Let’s be clear, the Affordable Care Act was never about reform of health care it only reformed health insurance. Care is something different, and if we’re going to evaluate the ACA fairly—and honestly debate alternatives—our focus must be on how much care people are getting.

Healthcare systems exist to optimize the health of individuals through timely access to necessary care. While getting value for our spending is important, saving money per se is not the primary goal of healthcare, care is.

The U.S. healthcare system is failing the American people; access to care is neither timely nor sufficient and spending is dollar-inefficient. Money is increasingly spent on non-value-adding activities such as bureaucracy, thus taking resources away from patient care.
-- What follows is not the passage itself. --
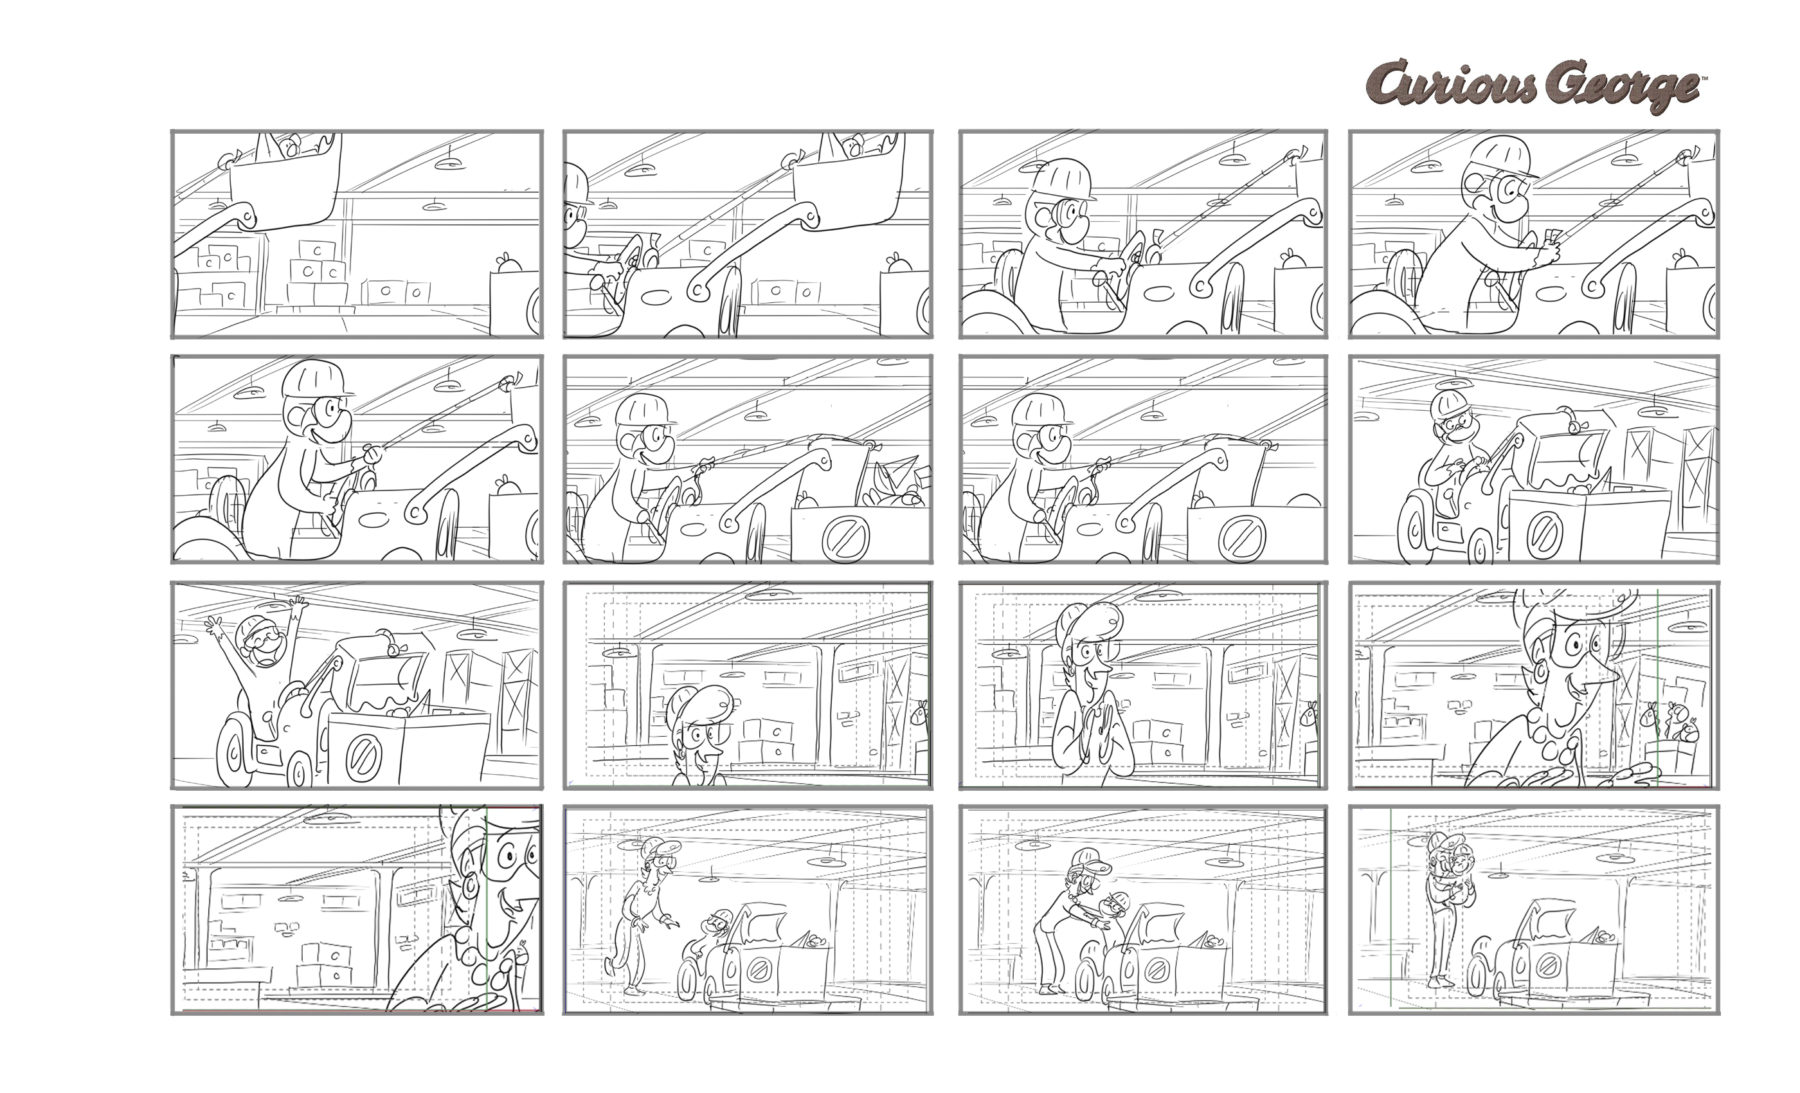 Storyboards by Bert Ring for the Curious George TV Special, Toy Monkey, Featuring Carol Burnett for Universal Animation Studios

This was true before the passage of the Affordable Care Act. Washington has been “fixing” healthcare since the 1965 creations of both Medicare and Medicaid. It was prior Washington fixes that had made our insurance unaffordable and our care unavailable. The Obama administration’s touted solution was the Affordable Care Act. And because of the ACA, the cost of already unaffordable health insurance doubled and access to care declined despite 20 million more Americans having insurance.

Some members of Congress now want to double down on this failure by passing House Resolution 1384, a Medicare-for-All bill. The results would be catastrophic.  Every U.S. resident might gain coverage, but access to care would suffer dramatically.

First, patients will have no personal responsibility for their own care. Section 202 prohibits cost-sharing, “including deductibles, coinsurance, copayments, or similar charges.” Enrollees in Medicare-for-All have no “skin in the game.”

When consumers are entitled to health care, they don’t care how much they spend or what demands they make. They have no incentive to make prudent choices. They spend other people’s money without restraint. The result is over-spending, precisely what we have now—but on a far grander scale.

Without consumers accepting the need to spend money wisely on their health care, the only way to limit expenditures is by medical rationing, an integral part of all single-payer systems, including Medicare-for-All.

And that’s something Americans won’t accept.

Next, we can expect the government to crack down on any competition to its single-payer scheme.

HR 1384 eliminates both individual and employer-supported health insurance for most health care services. Section 107 states, “it shall be unlawful for … a private health insurer to sell health insurance coverage that duplicates the benefits provided under this Act.” The list of mandated benefits is quite comprehensive, including “all primary care, hospital and outpatient services, prescription drugs, dental, vision, audiology, women’s reproductive health services, maternity and newborn care, long-term services and supports, prescription drugs, mental health and substance abuse treatment, laboratory and diagnostic services, ambulatory services, and more.”

There is little or nothing left out.

Keep in mind that “benefits” actually refers to the government’s promise to provide care, not for the actual delivery of care. The American people have learned painfully, in some cases fatally, that coverage benefits listed on paper does not equal care. Having government insurance such as Medicaid, Medicare, TriCare for veterans, or ACA insurance has already resulted in death-by-queueing.

Finally, Medicare-for-All would expand the health care behemoth, but not in the care department. As Aetna’s Joe Cantlupe reports, “The number of physicians in the United States grew 150 percent between 1975 and 2010, roughly in keeping with population growth, while the number of healthcare administrators increased 3,200 percent for the same time period.” And that was before the ACA further expanded the federal bureaucracy.

Medicare-for-All calls for ever more layers of bureaucracy. And bureaucrats don’t come cheap; the result will be even fewer healthcare dollars available for care.

The American people need nurses, not navigators (a new bureaucratic job created by the ACA); doctors, not directors; and most particularly, care, not coverage.

But we can choose a different path. Instead of increasing federal authority over healthcare, we need to reduce Washington’s role and put decision-making where it belongs—with the people in their states.

If Californians want a single-payer system and Texans want a market-based one with a safety net, they each should be able to do so.

Our goal must be to help patients. Medicare-for-All won’t accomplish this. Letting the states go their own way will.